Here is a nice how to use the Task Scheduler guide.
http://forum.notebookreview.com/threads/the-throttlestop-guide.531329/#post-6865107


----------



## Luzarin (Jul 21, 2018)

It indeed crashed, with -250 mV, but I don't get why it's not making any effects anymore with -105 mV or -110 mV.

These are my temps after 5 minutes of fortnite (before it never passed 80 Degrees)


----------



## unclewebb (Jul 21, 2018)

What sort of test are you doing to determine that it is not having "any effects anymore"?  Your CPU might be running hotter now because it is summer or it might be running hotter because the thermal paste needs to be replaced.  If your CPU is crashing when you reduce the voltage, the under volt is definitely working.

Intel XTU might not be working anymore so I guess you need to use ThrottleStop instead.
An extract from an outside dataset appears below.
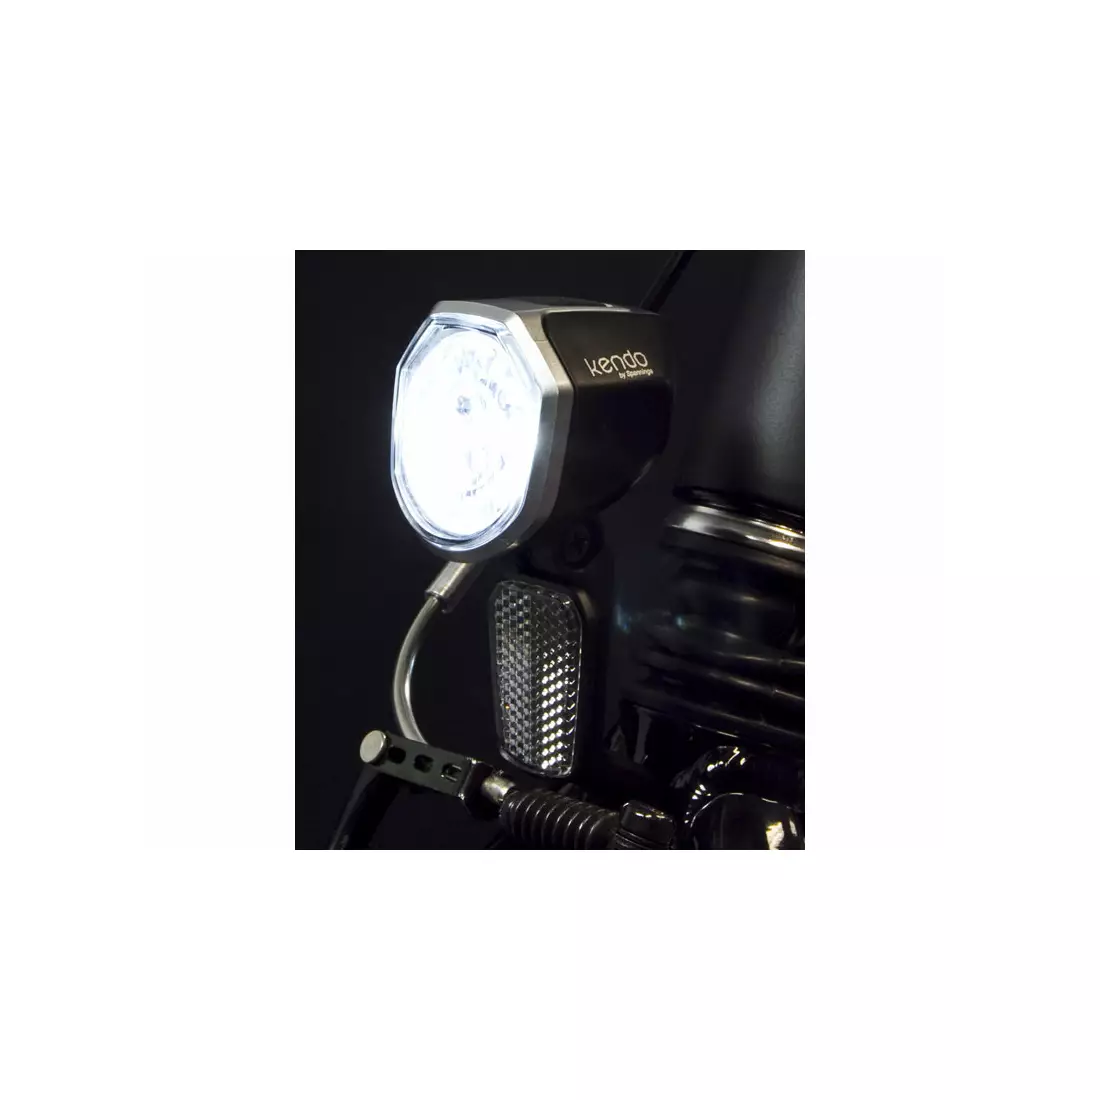 Přední světlo SPANNINGA KENDO+ XDO 30 luxů / 120 lumenů pro kabel dynamo + 55cm SNG-H057038

Edit - You have a laptop.  The heatsink on the CPU might not be as snug as it was a month ago.  Is your room temperature hotter now?  Are you using a different GPU driver that is working your GPU harder now or was there a game update that might be working your CPU or GPU harder now.  There are so many variables that it is hard to do meaningful temperature testing while your CPU is loaded with a game.  ThrottleStop shows that your CPU is reaching the thermal throttling temperature and slowing down.  Time to disassemble your laptop and replace the thermal paste with something decent.  Many ROG members run hot.


----------



## Luzarin (Jul 21, 2018)

It crashed again with -115mV, but yesterday, when I did the windows reinstall, the temps on fortnite went perfectly (less than 80 Degrees, also assuming the undervolt works).
Also, where I live, it is winter. Thanks!

Task scheduler works now, but the temps are not getting lower, maybe I do need to replace the thermal paste, but it makes no sense that it worked perfectly yesterday and the day before didn't.


----------



## unclewebb (Jul 21, 2018)

Are you using the exact same drivers for everything inside your laptop, CPU, GPU, etc.?  When you do a complete Windows reinstall, you are comparing apples to oranges.  Your CPU might have been throttling yesterday so it was running much slower compared to today.  Try gaming with the Disable Turbo option checked in ThrottleStop.  Slowing your CPU down might significantly decrease your core temperatures without hurting game performance too much.


----------



## storm-chaser (Jul 21, 2018)

- Download CPU z here: 
https://www.cpuid.com/softwares/cpu-z.html
(download setup exe)

Then open the program and take a screenshot of the CPU tab and the memory tab (you'll see these tabs once you open the program up)

Might not help resolve your issue but at least it will give us some additional information from which to work.


----------